How Much Is a Master's in Computer Engineering?
The cost of your computer engineering master's degree may vary depending on several factors. For example, public universities often charge less tuition than private institutions. Generally speaking, computer engineering graduate programs charge $700-$1,500 per credit hour. For a 30-credit master's degree, expect to pay $21,000-$45,000 in total tuition. Remember to factor in costs like books, course materials, and fee.
Certifications and Licenses a Master's in Computer Engineering Prepares For
- Cisco Networking Certification
As a leading provider of networking hardware and telecommunications equipment, Cisco's certification signals expertise in professional settings. Each of Cisco's two dozen credentials has different requirements, though generally you must complete a self-directed training course and pass an exam.
- VMware Certification
VMware provides cloud computing and platform visualization services. Coupled with a computer engineering master's degree, this professional certification affords new professional opportunities to network engineers and architects. Initial certification requires a training course and exam. Higher levels of certification require professional experience and additional exams.

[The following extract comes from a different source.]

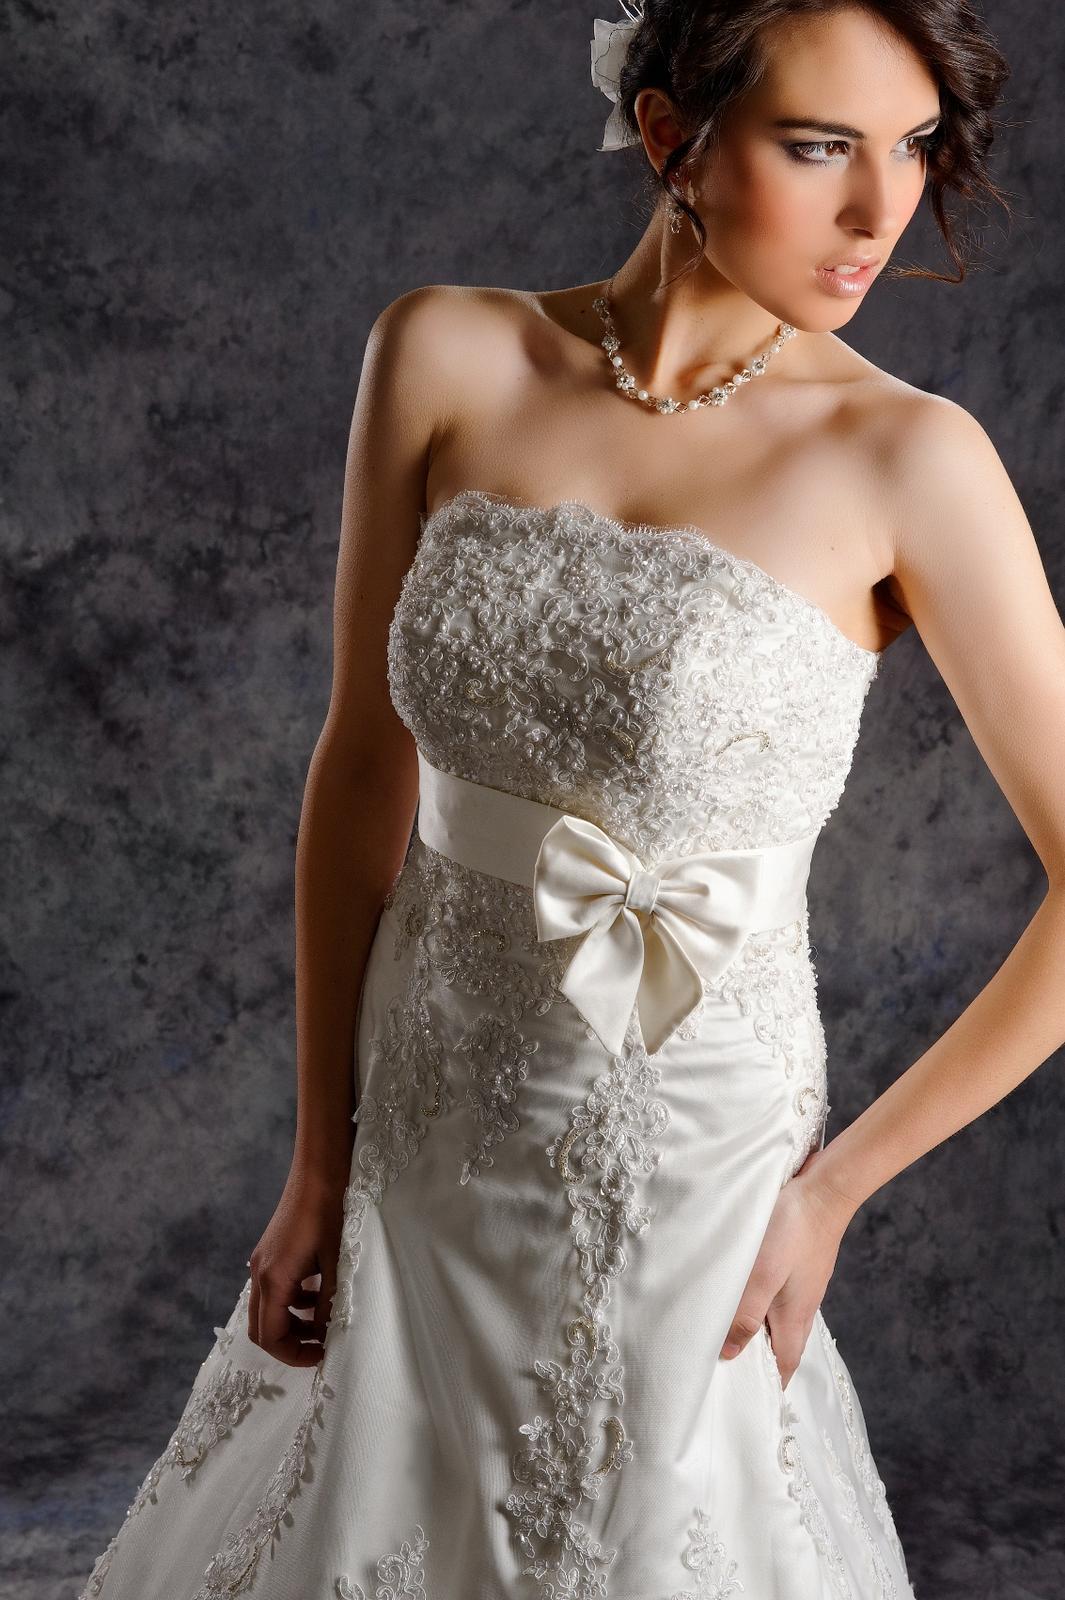 Svadobné šaty Vanessa, jediný kus vo výpredaji - Obrázok č. 3

- Project Management Institute Certification
Computer engineers can complete credentials from PMI to demonstrate their understanding of management methodology as it applies to information technology projects. To become certified, you must submit an application detailing your education and experience to PMI. After approval of your application, you must also pass an online exam.

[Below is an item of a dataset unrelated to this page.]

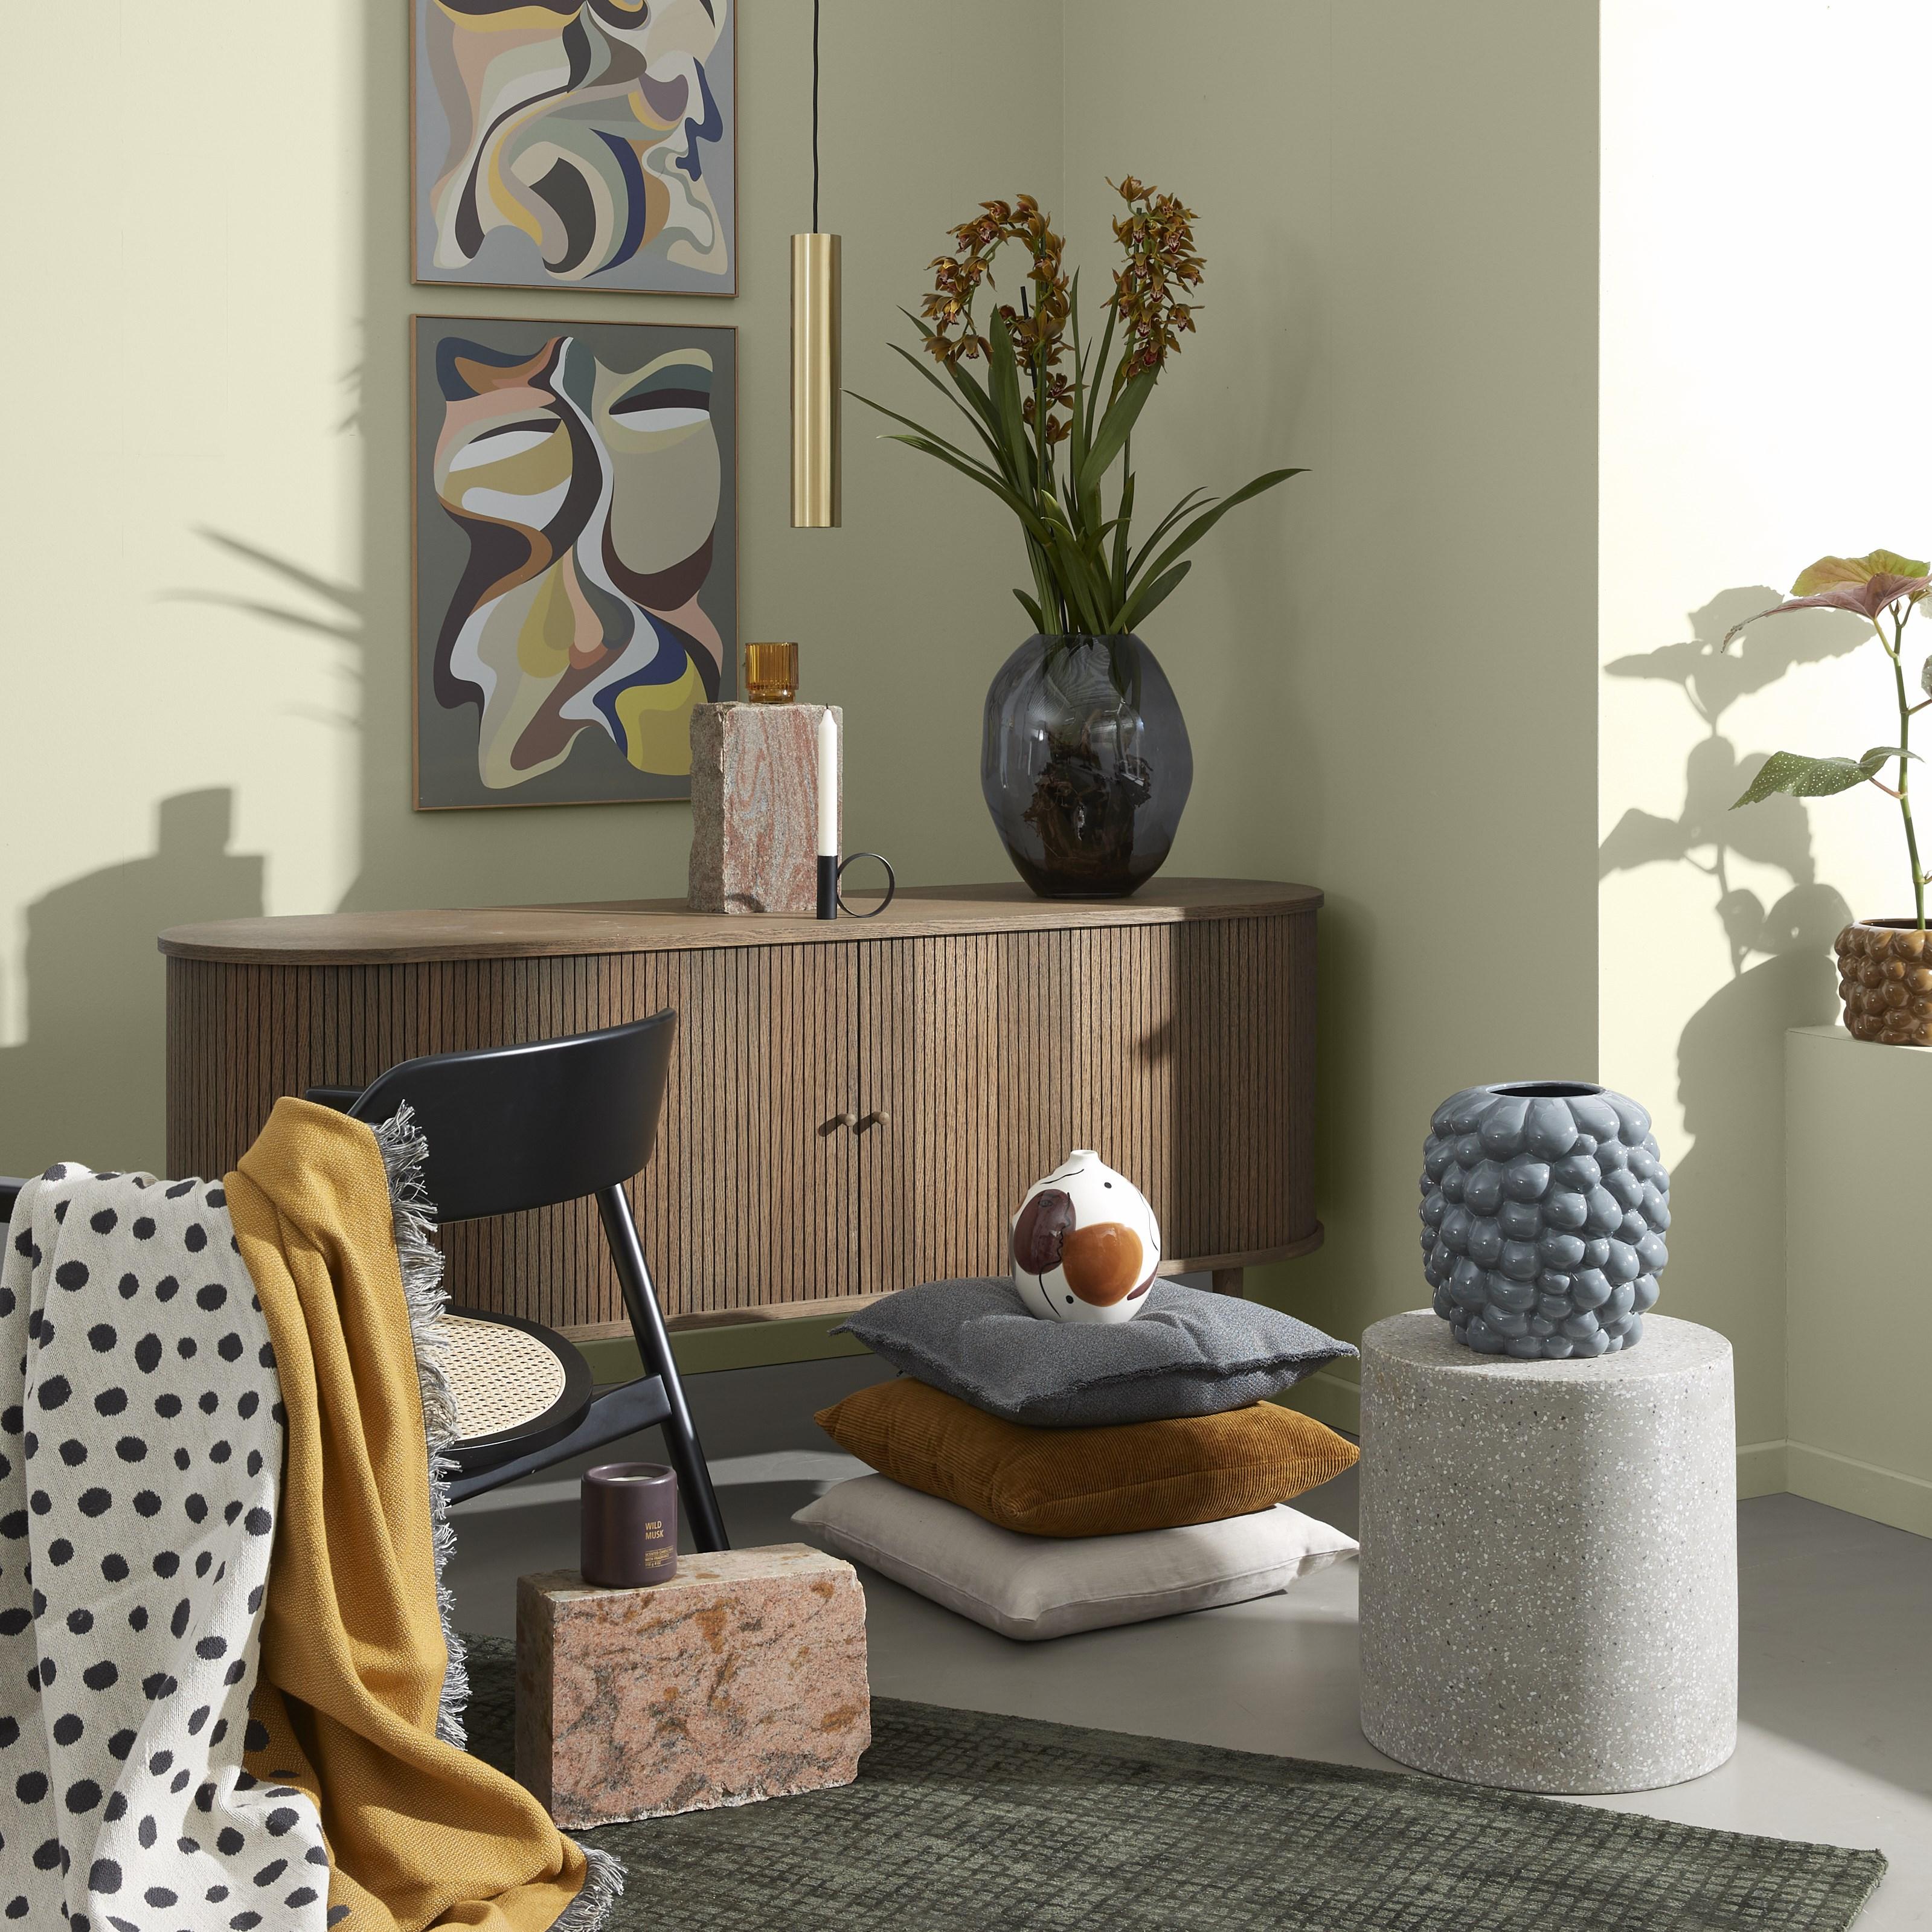 Farverig 50'er-stil i indretningen

Resources for Graduate Computer Engineering Students
MIT allows online access to nearly all of its course content. Learn about computer programming, artificial intelligence, and electronics engineering from some of the leading scholars in the field of technology.
Similar to MIT's online offerings, Khan Academy hosts free tutorials on a variety of computer science topics. Use this site to learn new skills or brush up on topics you previously studied.
IEEE student members can apply for conference travel grants, summer research grants, and a number of other scholarships and fellowships. Many of the IEEE's financial aid programs specifically serve graduate students.
Professional Organizations in Computer Engineering
After earning your computer engineering master's degree, consider joining a professional organization. Membership in these groups comes with a host of benefits, including the opportunity to network with other technology professionals at national conferences and local events, free or reduced price access to continuing education resources, and forums to discuss the latest research and best practices from the field. Some organizations also specifically cater to the needs of underrepresented groups, such as women and African-Americans.
As part of the Institute of Electrical and Electronics Engineers, the Computer Society boasts more than 60,000 professional members working in computer science and technology. The organization hosts networking conferences, offers professional development resources, and curates scholarly research.
ACM represents 100,000 computing educators, researchers, and practitioners around the globe. In addition to national conferences and local chapters, the group organizes online special interest groups to connect professionals.
AWC works to advance the interests of women in computing. Beyond professional networking, the association offers professional development opportunities and makes awards to recognize outstanding scientific achievement and community service by women in the field.
ITSMF aims to increase the representation of African Americans in senior leadership positions across technology-related industries. ITSMF offers scholarships to young students of color pursuing degrees in STEM fields.
ASIS&T helps lead the search for new technologies and techniques to improve access to information. Its website features a job board as well as resources for individuals looking to enter the information technology profession.